- REQUIRED ACTION
Transcribe the listing below verbatim, omitting pictures.

───── DATASET EXCERPT ─────

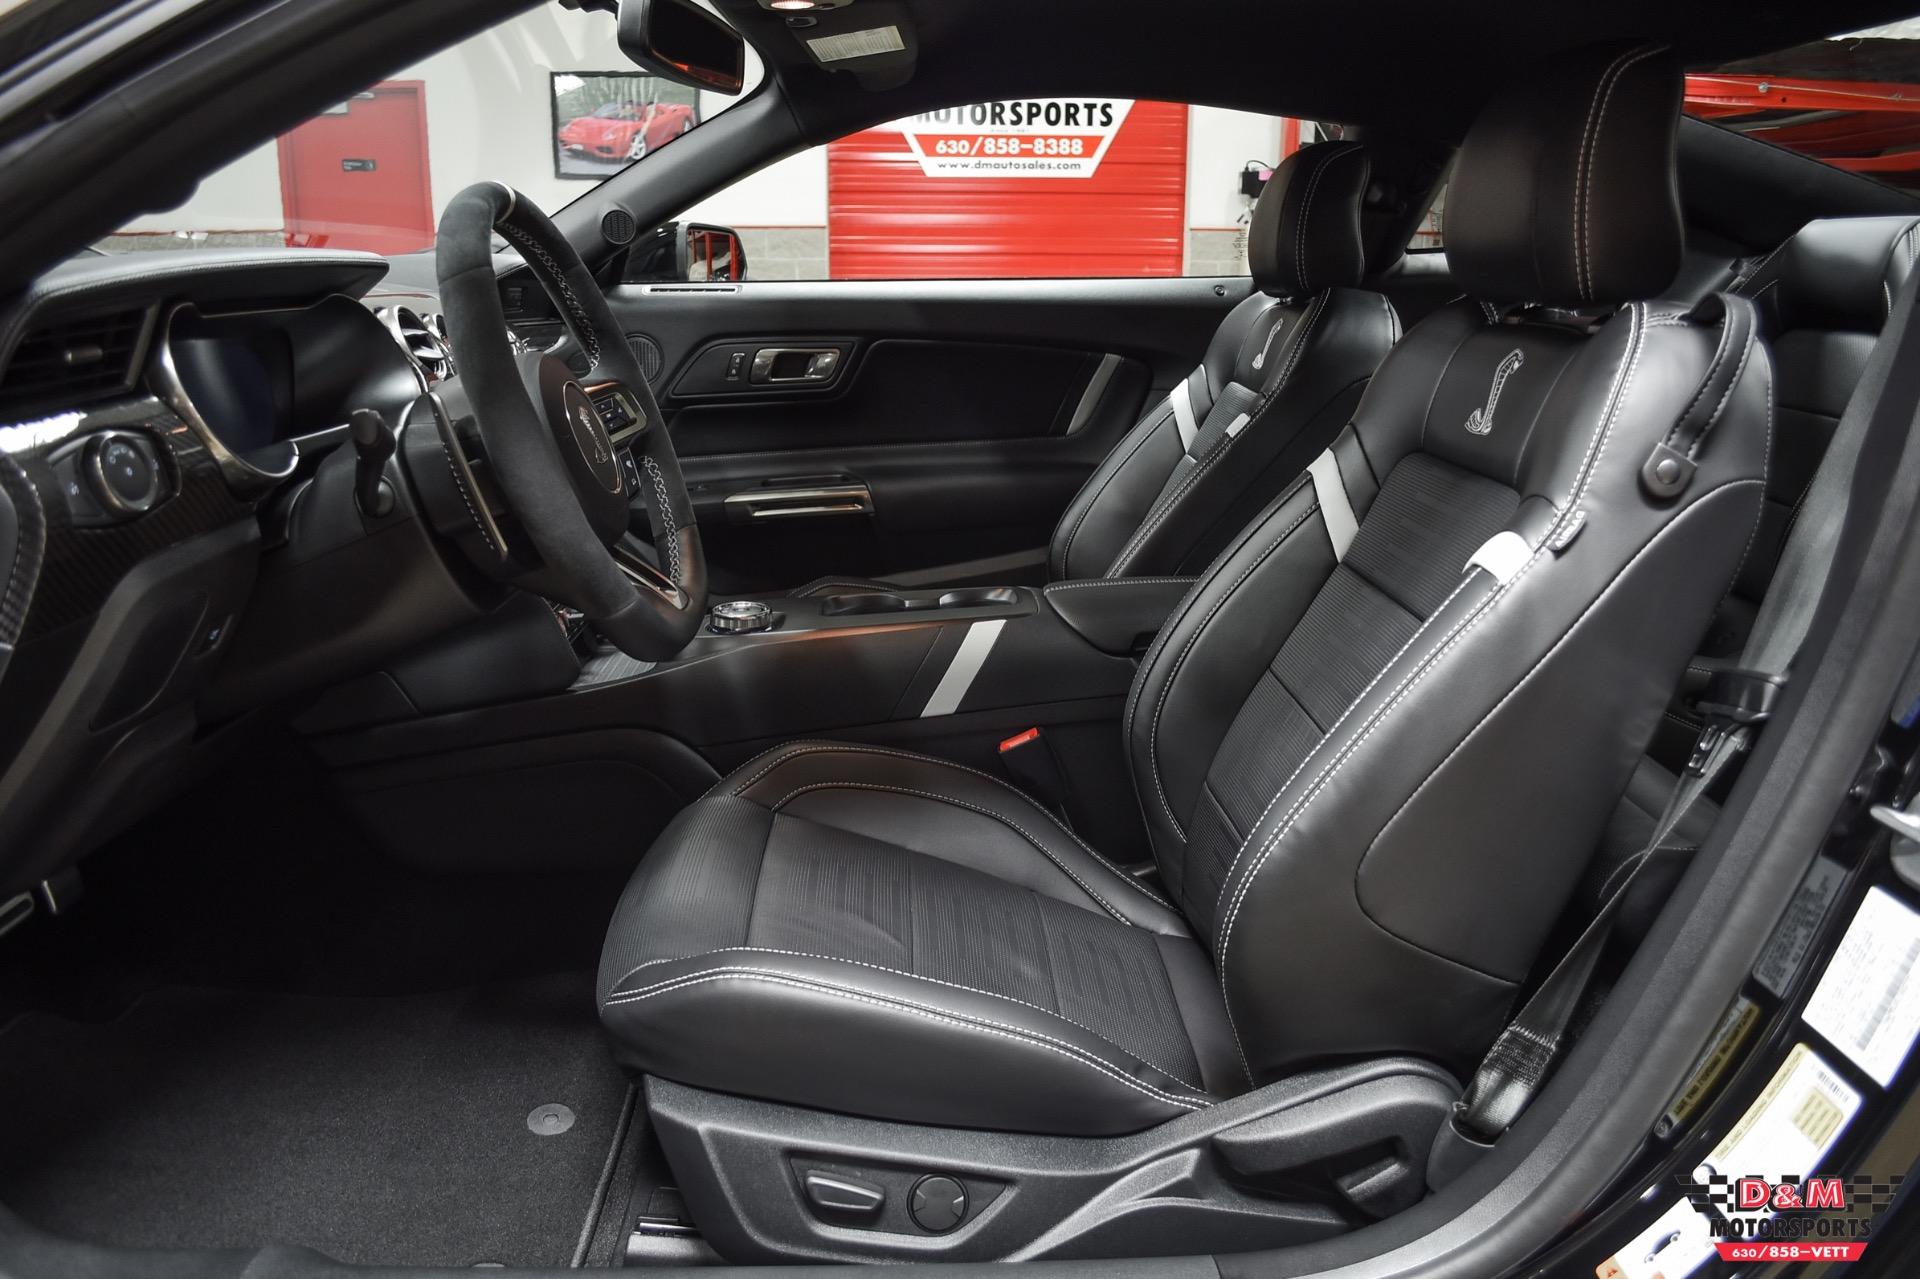 Used 2020 Ford Mustang Shelby GT500 | Glen Ellyn, IL
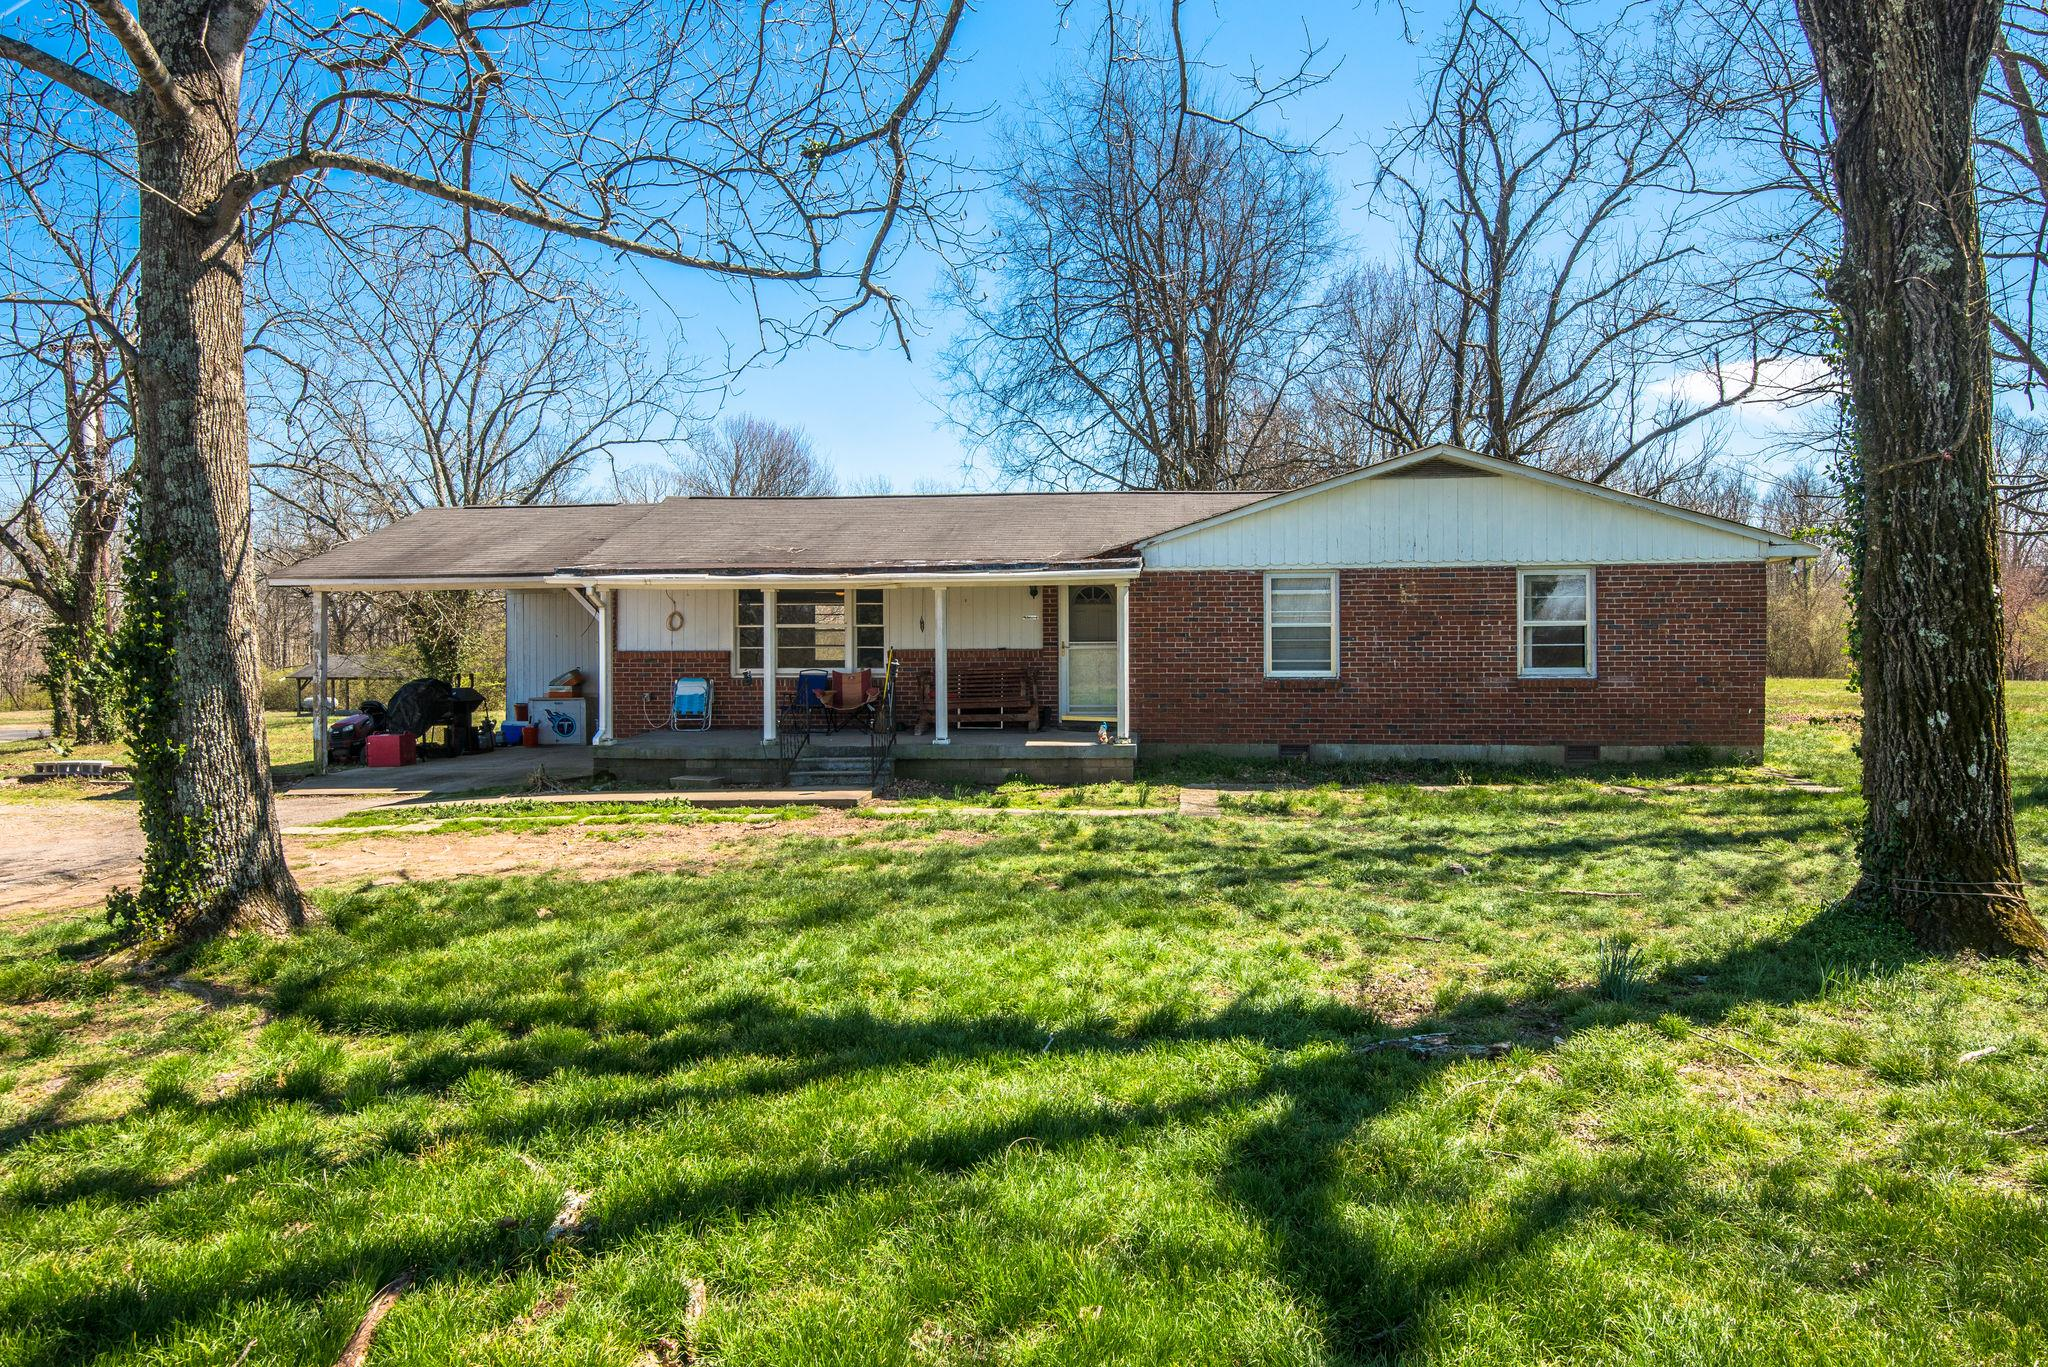 8671 Old Charlotte Pike Pegram, TN 37143
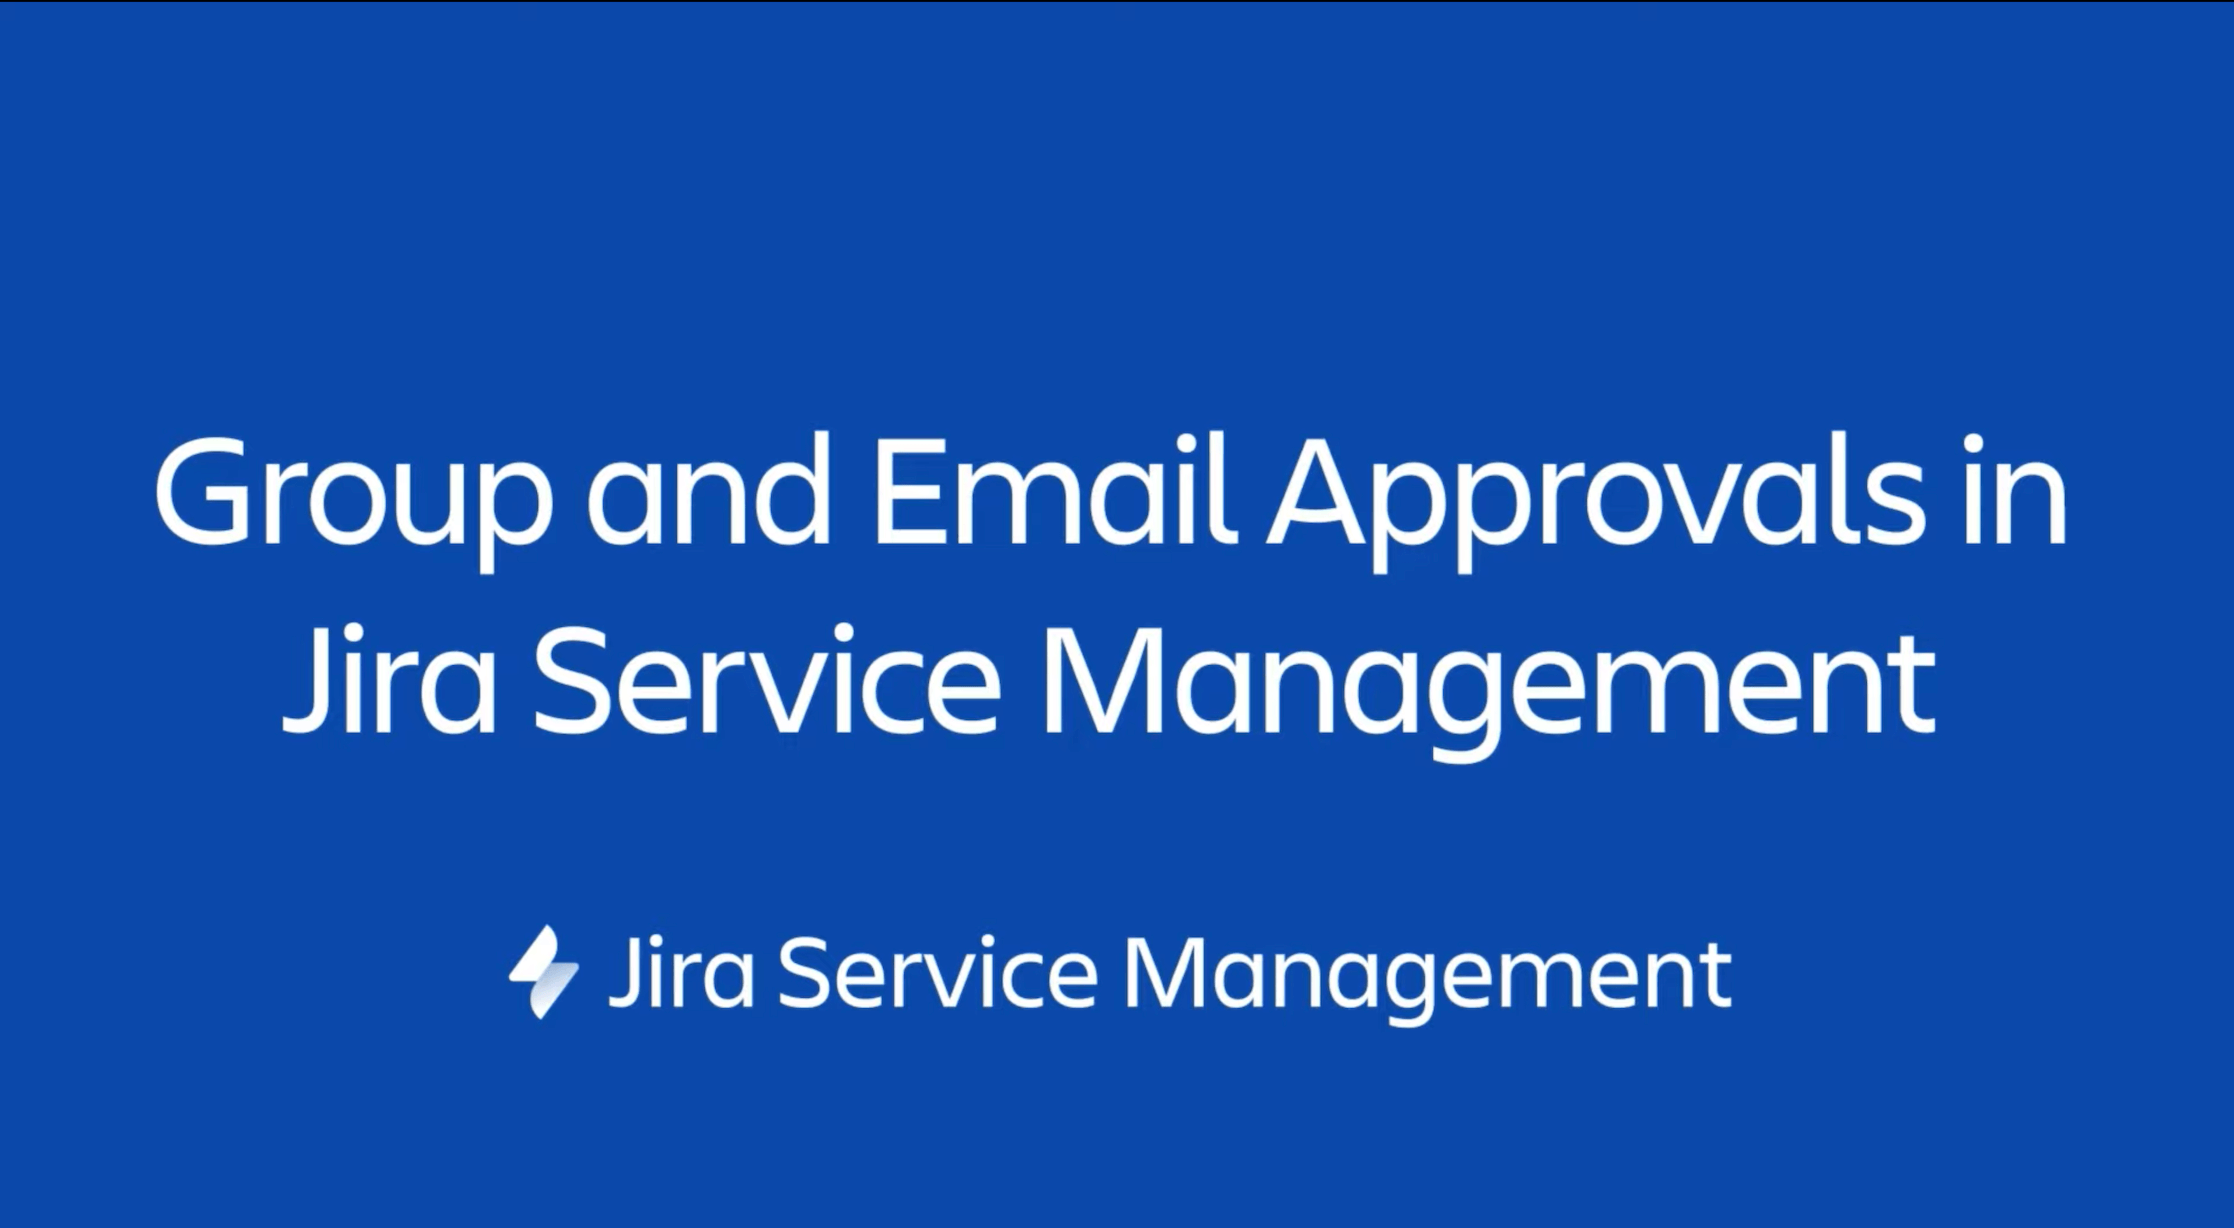 Recopila informes de errores en Jira Service Management

─────

- ANSWER SPACE
 Used 2020 Ford Mustang Shelby GT500 | Glen Ellyn, IL
 8671 Old Charlotte Pike Pegram, TN 37143
 Recopila informes de errores en Jira Service Management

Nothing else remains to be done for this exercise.